И вот подающие надежды философы, закурив кто трубку, кто сигарету, крутятся и наклоняются в попытках отыскать книгу, о которой ничего не знают, но которая волшебным образом ответит на их вопросы.
Наконец появляется Кунц. Никогда еще я не видел его так близко. Гусиные лапки у глаз, ранние тонкие морщинки в углах губ, но движения – быстрые, и выражение лица – мальчишеское, особенно когда он улыбается во весь рот. Он включается в восторженные и удивленные разговоры младших, не указывая им на их наивность. Он растолковывает, объясняет. Дым его маисовой «Boyard» смешивается с нашим сигаретным и трубочным. Но ему удается внести истинно философскую веселость в серьезнейшую тягу его учеников к знаниям. Наконец он плюхается в старое, потертое кожаное кресло, барабанит по подлокотникам с пожелтевшими ногтями пальцами и зажатой папиросой, запрокидывает голову и говорит очень просто, как будто рассуждает сам с собой. И ученики, только того и ждавшие, молча к нему подтягиваются. Обрывки мыслей. Короткие наглядные рассказы – окружающая обстановка, автор или образ. Потом долгие сентенции, настолько убедительные, что и не замечаешь, насколько они отвлеченные. Даже самые обычные вещи в его устах внезапно делаются выразительными и словно до бесконечности разветвляются.
– Вот смотрите – весна! – говорит Кунц. – Все растет. Трава, листья… Но весна – это желание, желание в чистом виде! Стало быть, не о чем тут и говорить, нечего истолковывать. Многое, что в нас есть, подобно весне, лучше это испытать, чем истолковать. Знаете, желание – это очень простая вещь, все равно что ложиться спать, ходить по улице или, может быть, влюбляться…
«Ходить по улицам…» – сказал Кунц. В тот же вечер, когда мы с Максимом возвращались по домам, эти слова всплыли в моей памяти, и я почувствовал удовлетворение. Да, именно так. Рост. Желание. Простое движение – как ходьба.
– Вот видишь, старина Филип! Я же говорил, что тебе понравится. Странный тип этот Господин К. Хотел бы я знать, почему он позволяет нам рыться в своих бумагах. Как-то он сказал нам, что, если хочешь хорошенько спрятать – надо показывать, много показывать. Кунц показывает. И мы о нем не знаем ничего.
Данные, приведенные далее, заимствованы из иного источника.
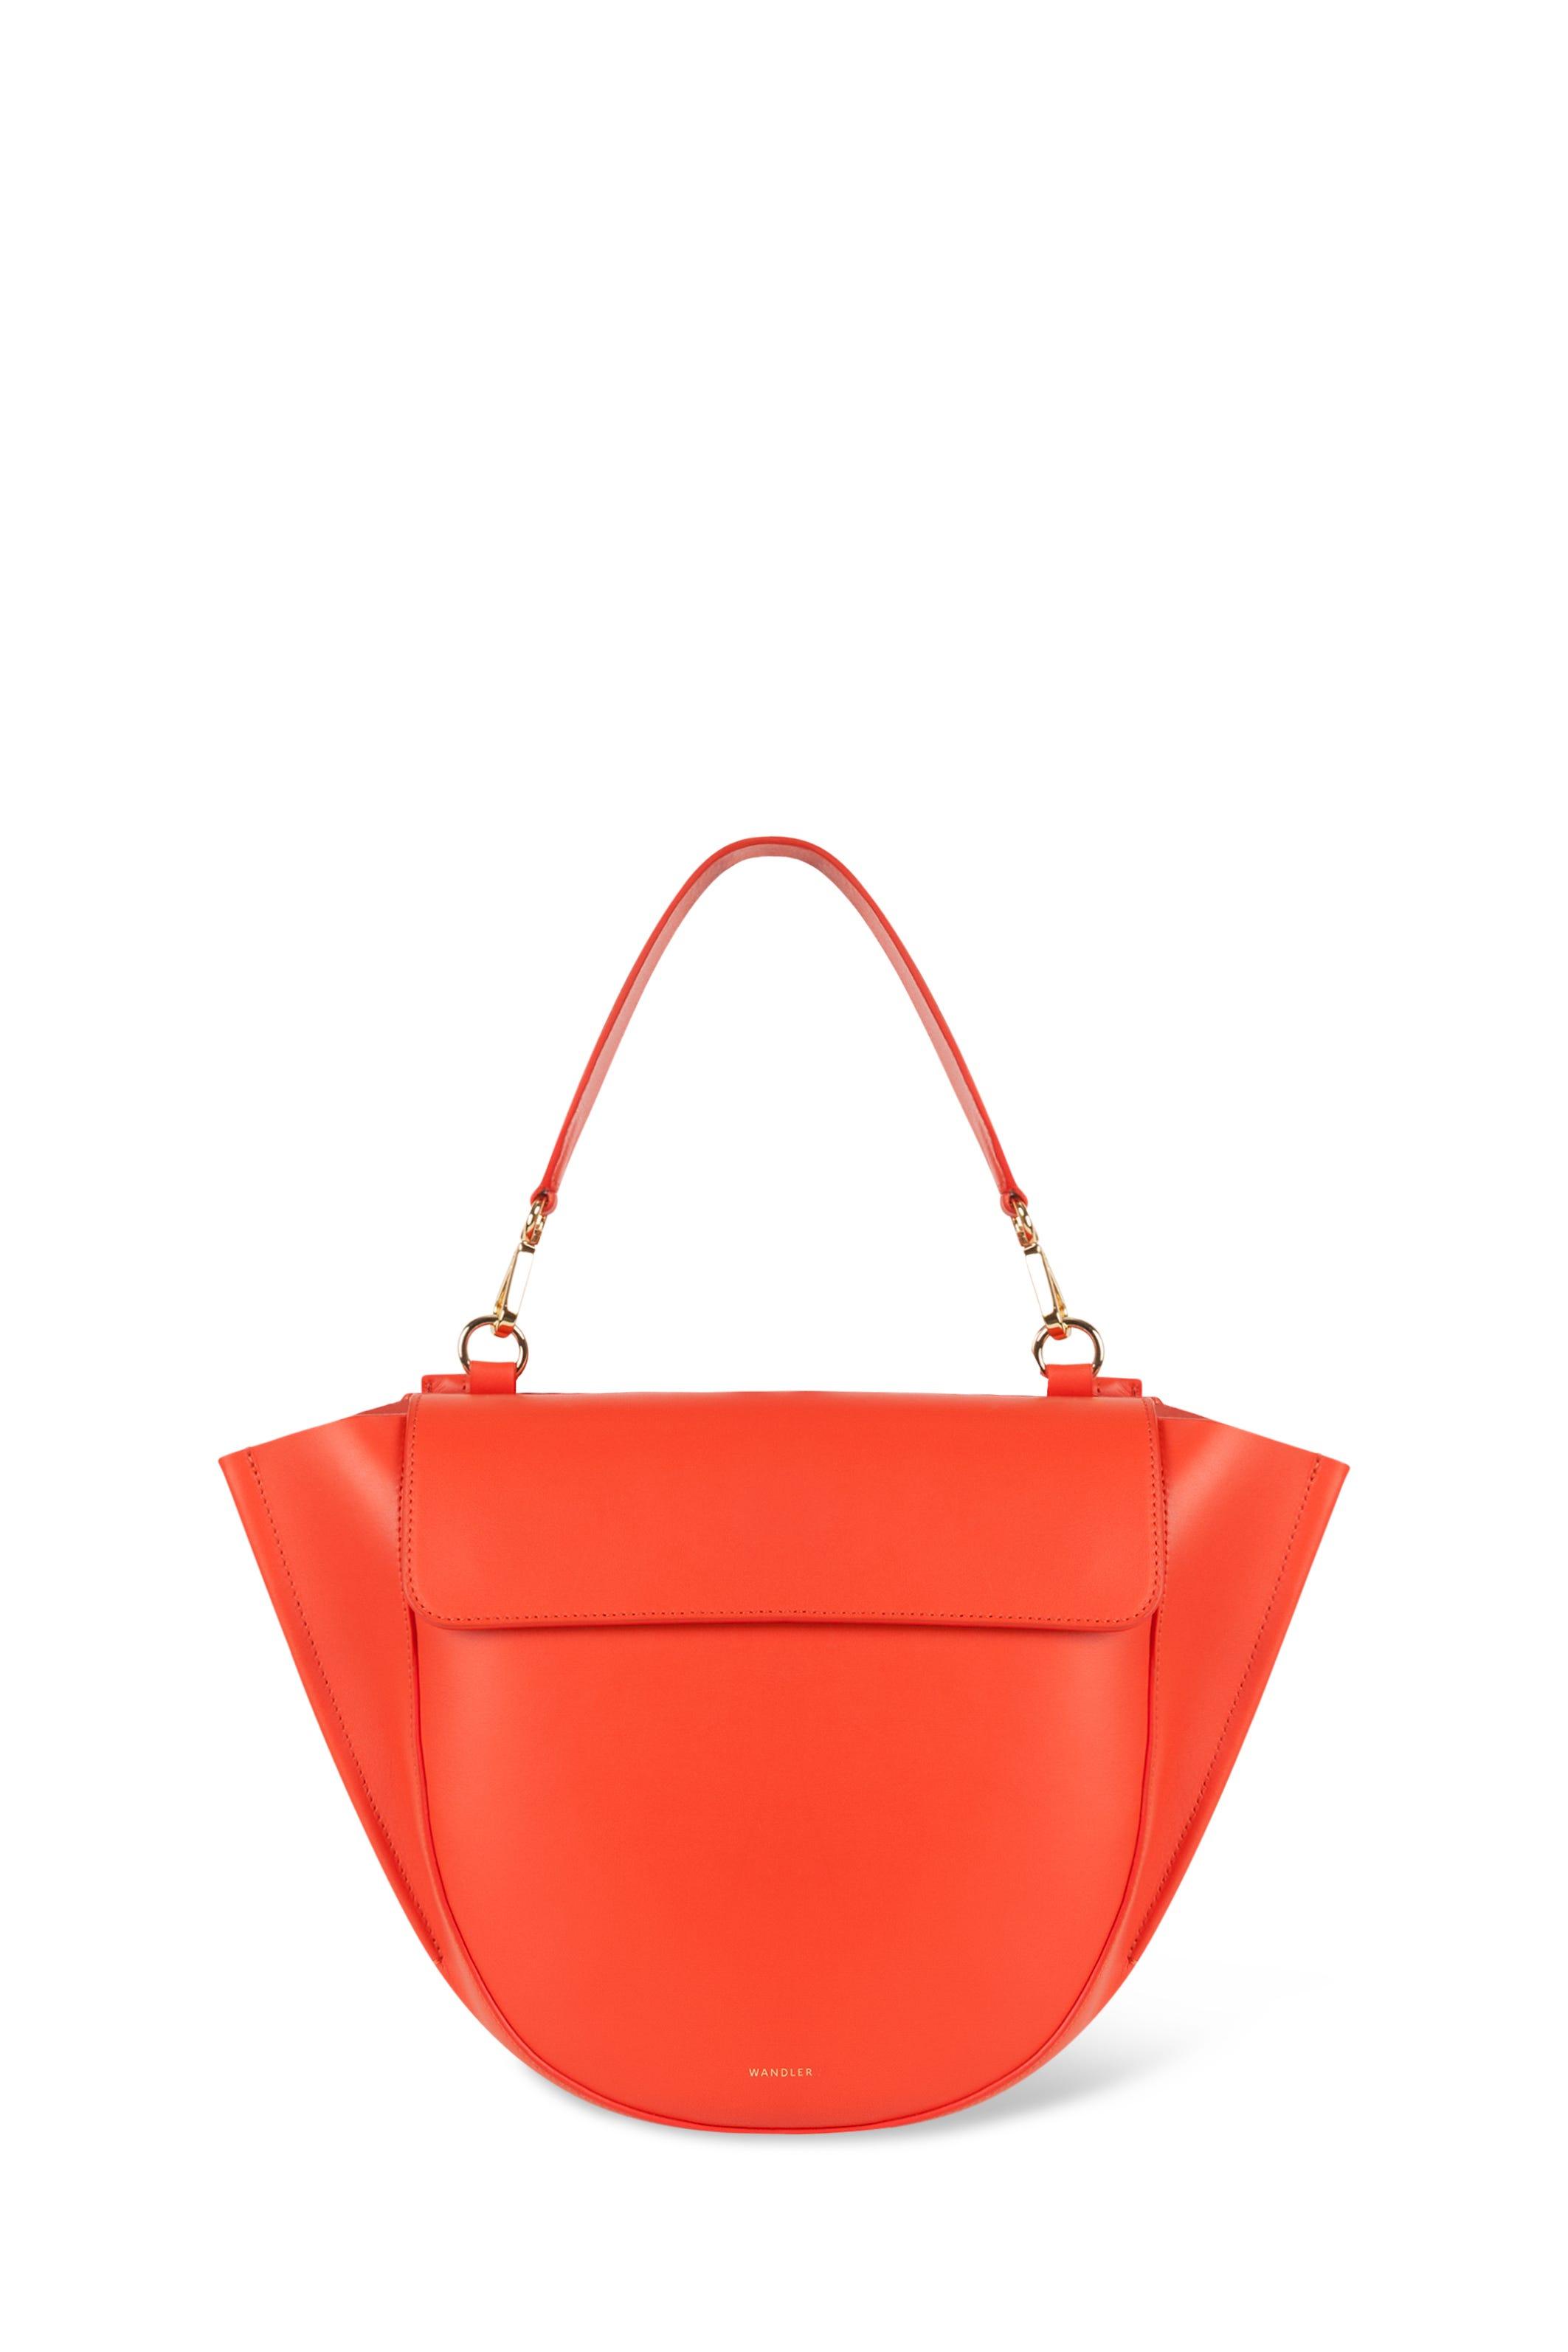 ae2ce979ab7b What Makes An  It  Bag – Cult Bag Brands

Максим расхохотался во все горло, оглушительное ржание перешло в кудахтание цесарки и заглохло. Уже поздно. Мне пора возвращаться в «Три льва». Не знаю, как проведет ночь Максим. Где же его семья? И где, собственно, он живет? В нем есть что-то от сироты и от бездомного бродяги. У него тоже есть свои секреты. Ребята из нашего класса относятся к нему с уважением, потому что не раз видели его в баре, где он пил и веселился с женщинами старше себя и довольно вульгарными.
Когда я вхожу в гостиницу, Леон уже спит за стойкой среди ключей и реестров. Я безжалостно его расталкиваю, он, морщась, потягивается, машинально приглаживает торчащие вихры и удивляется, что в такой поздний час я спрашиваю, нет ли мне писем. Наконец утром, когда я стараюсь пройти мимо него с равнодушным видом, он окликает меня:
– Мсье Поль, это оставили для вас!
Тонкий конверт, на котором нацарапаны мое имя и фамилия. Внутри листок – из блокнота на спирали, если судить по зубчатому краю клетчатой странички, на которой Клара написала чужое имя и номер телефона.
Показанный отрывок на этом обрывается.